Figure 8: Truncated Data Histogram
Turns out that data below the lower specification was not being recorded (true story – aren’t you amazed someone would do that?). And there was lots of data below the lower specification. This non-normal histogram was really due to a problem in the process (not recording data).
Figure 9 is another example of a histogram that indicates a problem instead of being non-normal data. The histogram has two peaks. This is usually an indication that there are at least two processes present: two shifts, two suppliers, etc.
The data appears non-normal but if you move the processes to be the same, then the data becomes normal – and you reduce variation significantly.
Figure 9: Bimodal Histogram
There are other examples in our publication on histograms.
At this point, you should have a very good idea if the data are normal. The process is stable (from the control chart). The histogram looks either normal or non-normal – and it is the pattern you expect from the process because of your knowledge of the process. If the histogram shows a problem, then work on correcting that problem and recollect the data.
You can construct the normal probability plot at this time to confirm your decision about the normality of the data.
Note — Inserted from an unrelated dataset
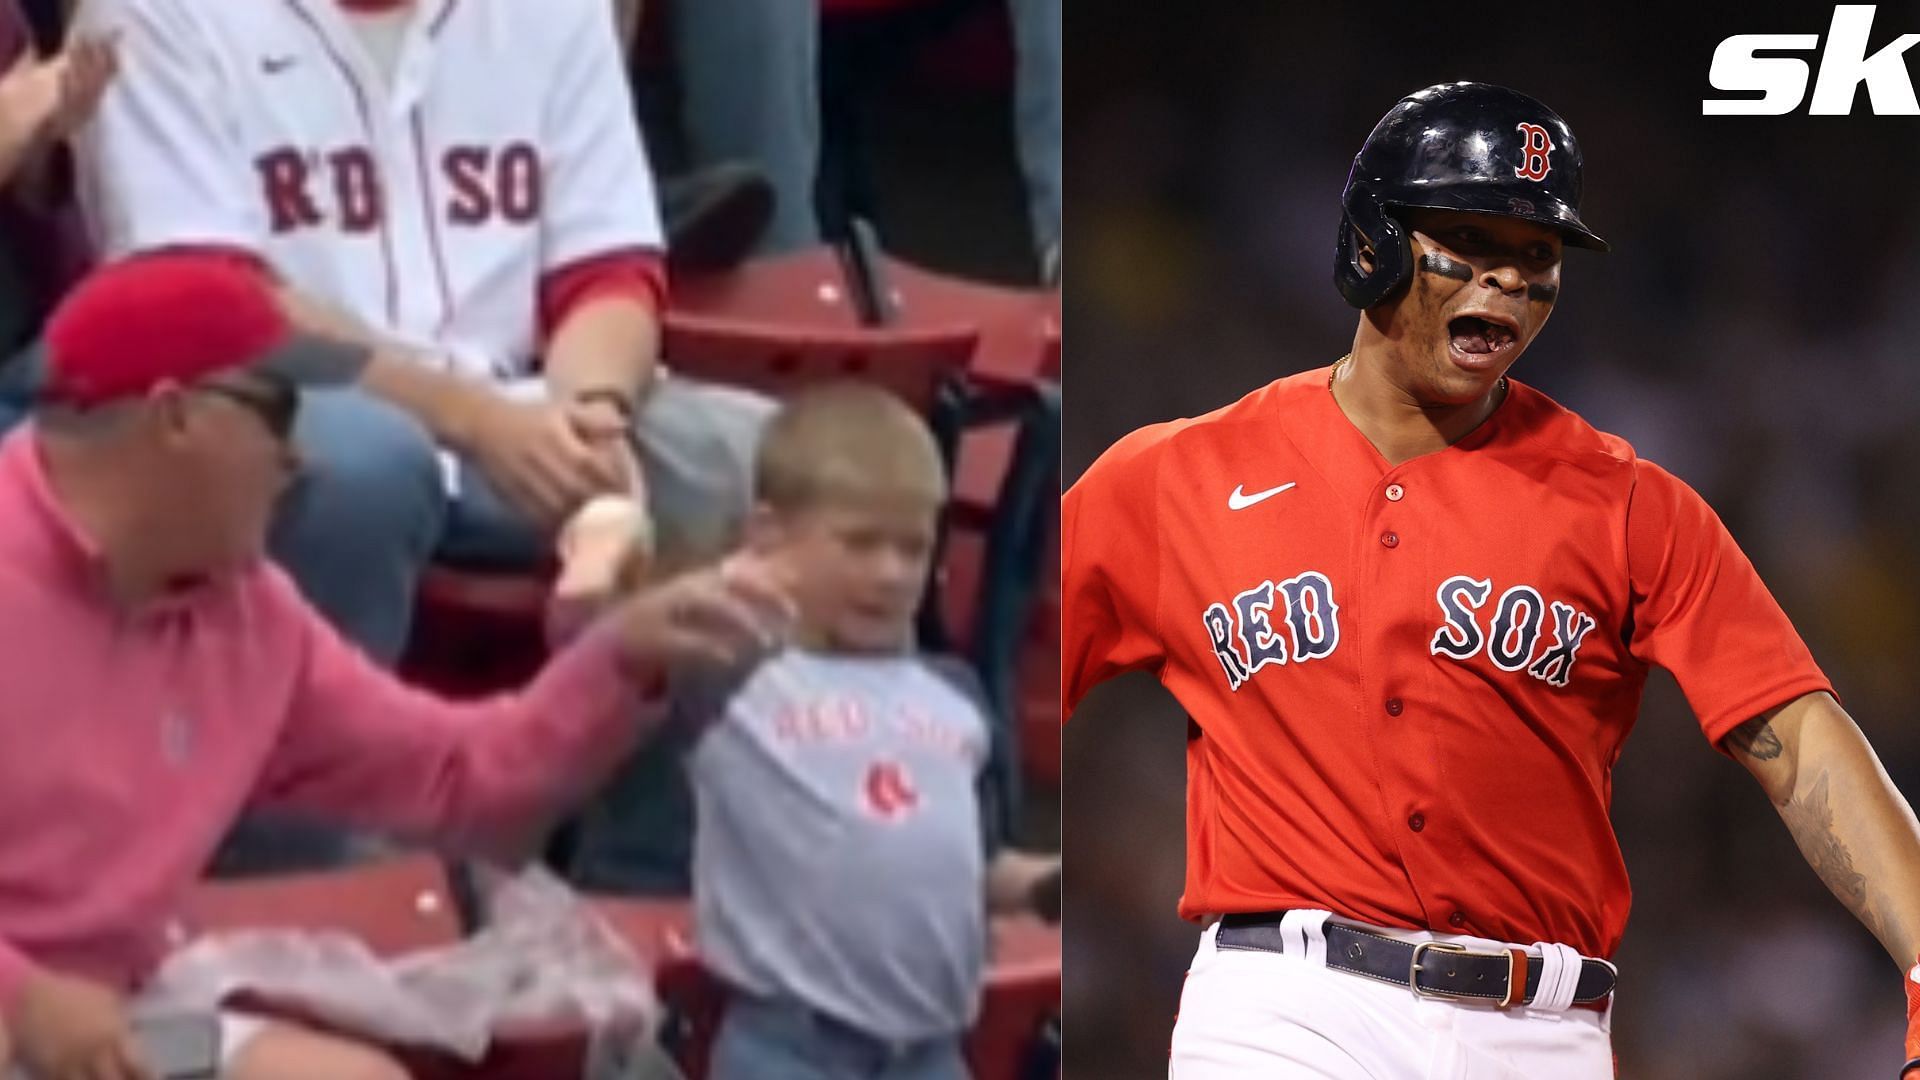 A young Boston Red Sox fan got more than he expected on Sunday

The normal probability plot is best used to provide additional information to support your knowledge of the process and what the histogram tells you about normality.
The Data is Non-Normal: Now What?
You have decided the data are non-normal. Now what do you do when you have to do something that requires a normal distribution? Like calculate Cpk for your process capability. You have two options: transform the data so it is normally distributed or fit the data to a different distribution. Some data sets may not transform to a normal distribution – or be fit to a distribution. The histogram that was truncated because no one would record out of specification material is an example of this. You can’t normalize that data no matter what you do.
Next month, we will take a look at a commonly used transformation technique: the Box-Cox transformation. This technique attempts to transform the data into a normal distribution.
Summary
This month’s publication examined how to tell if your data are normally distributed. The first step is to use your knowledge of your process. Does it make sense to expect normal or non-normal data? There are three basic tools to use to help in your decision making process: the control chart, the histogram, and the normal probability plot. You need 30 to 125 samples to make good decisions about the normality of the process. Look at the data you have – particularly the histogram. Does the histogram appear to be non-normal due to a problem in the process? If so, fix the problem. And does it make sense in terms of your knowledge about your process.
Respected SirThanks for sharing the important article on data to see the normal distribution and tools associated with that.Best RegardsShishpal Singh
Nice article…but:First you write, “There are a variety of tools to help you determine if the data are normally distributed or not. The three key ones (in my opinion) are: Control charts…”. Then you write, “Please note that being in statistical control does not mean that your data are normally distributed. A control chart does not tell you that.”RE Figure 1, I’d also recommend running the Individuals control chart without the two data points that appear to lie “outside” the rest of the data – they may be inflating the estiamted standard deviation and lie outside the re-calculated control limits. Control limits should be calculated using only data that vary due to Common Causes.
Thanks Wayne. Yes, the control chart doesn't tell you if the data are normally distributed or not – just if the data came from a stable system to help you make a judement about the data itself. So, I edited that sentence. On Figure 1: the points appear to be part of the system based on the control limits, but yes, you could drop them out to see the impact on the data.